Las oportunidades que Dios da son para los que tienen humildad, no para los que tienen suerte. Tal vez sea por eso que la respuesta común de los hombres fieles ante el llamado de Dios es de asombro y de un sentido de no ser dignos. “¿Quién, yo?” es mucho más común que “¿Por qué te habías tardado?” Moisés estaba apacentando las ovejas de su suegro cuando Dios lo llamó a librar a Israel de la esclavitud. Gedeón estaba sacudiendo el trigo de su padre en el lagar cuando el ángel le llamó a ser juez sobre Israel. David estaba apacentando las ovejas de su padre cuando fue ungido rey. Rut estaba cuidando a su suegra. Muchos de los apóstoles estaban simplemente pescando, ocupados en lo suyo, cuando se les llamó a seguir a Cristo.

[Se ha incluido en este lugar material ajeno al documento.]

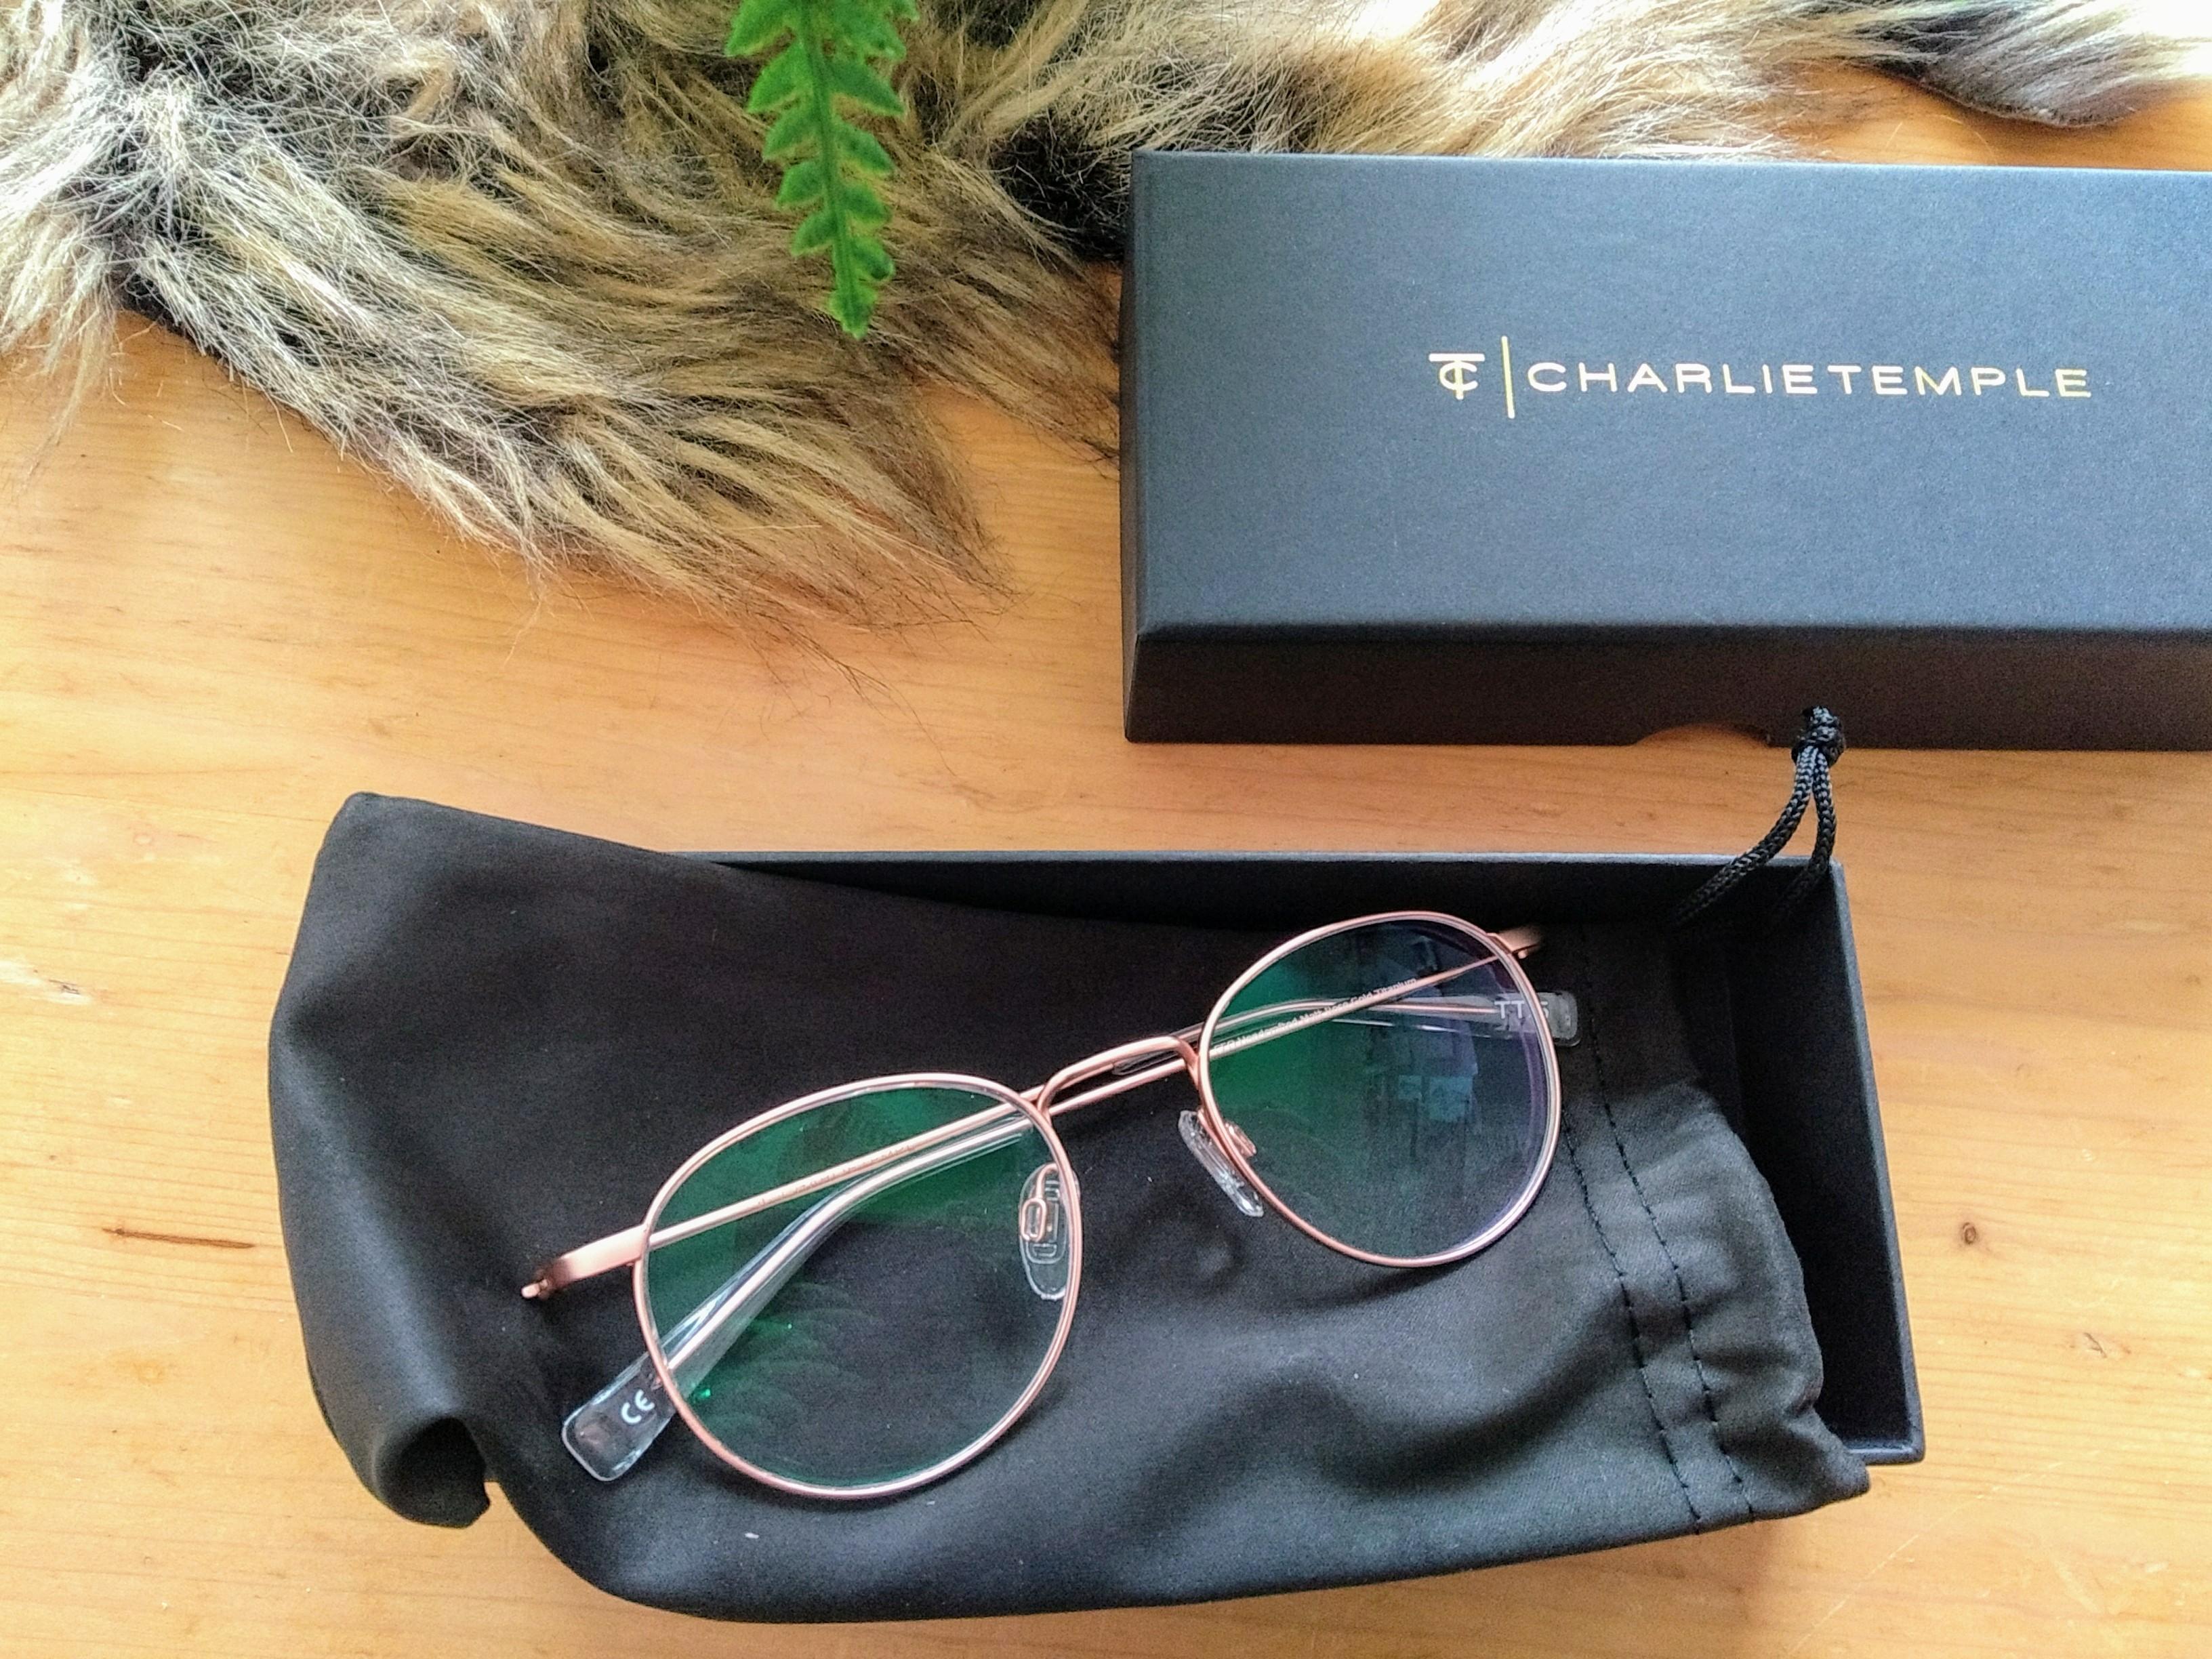 charlietemple, bril, glasses, online, bril online bestellen, bril bestellen, blog, mamablog, hippe bril, mamalifestile, lalog, lalogblog, lalog.nl

Los ancianos de las iglesias primitivas simplemente estaban cuidando bien de sus propios hogares cuando fueron llamados y establecidos como los pastores y maestros de las jóvenes congregaciones. Lidia sólo formaba parte de una reunión de oración de mujeres judías. Hombres y mujeres fieles hacen toda una vida de sólo atender a sus propias obligaciones presentes. Generalmente no aspiran a la grandeza, sino sólo a la fidelidad—y eso es lo que Dios siempre está buscando.

Todos los grandes hombres y mujeres de Dios estaban atendiendo sin aspavientos los asuntos que de momento formaban parte de su vida cuando Dios los llamó. Sólo hasta después se ponía de manifiesto que sus obligaciones del momento fueron la manera en que Dios enfocó sus energías en las pequeñas pero importantes decisiones de sus vidas.

 En el tiempo de Dios, cada aventura fue tomando forma. Y grandes historias se han estado contando desde entonces. Eran hombres y mujeres muy semejantes a ustedes y a mí. Por eso es que sus historias nos traen esperanza.

Cuando pienses que estás fuera de comisión, aparentemente olvidado por Dios y por los hombres, mira alrededor, porque ahí viene un extraño con un camello sediento. No puedes hacer trampa con el principio de las obligaciones presentes. Porque el llegar a estar en el lugar correcto en el momento correcto se logra con demasiados pasos pequeños. No trates de ser fiel sólo cuando tú piensas que realmente cuenta. Tal vez tengas que dar de beber a muchos camellos antes de finalmente dar de beber al camello correcto.

Sólo Dios sabe. Pero las aventuras de Dios llegan más rápidamente a quienes ponen manos a la obra y cumplen con sus obligaciones presentes. Así que despreocúpate, y recoge tu cántaro. El siguiente camello al que le des de beber podría ser el último.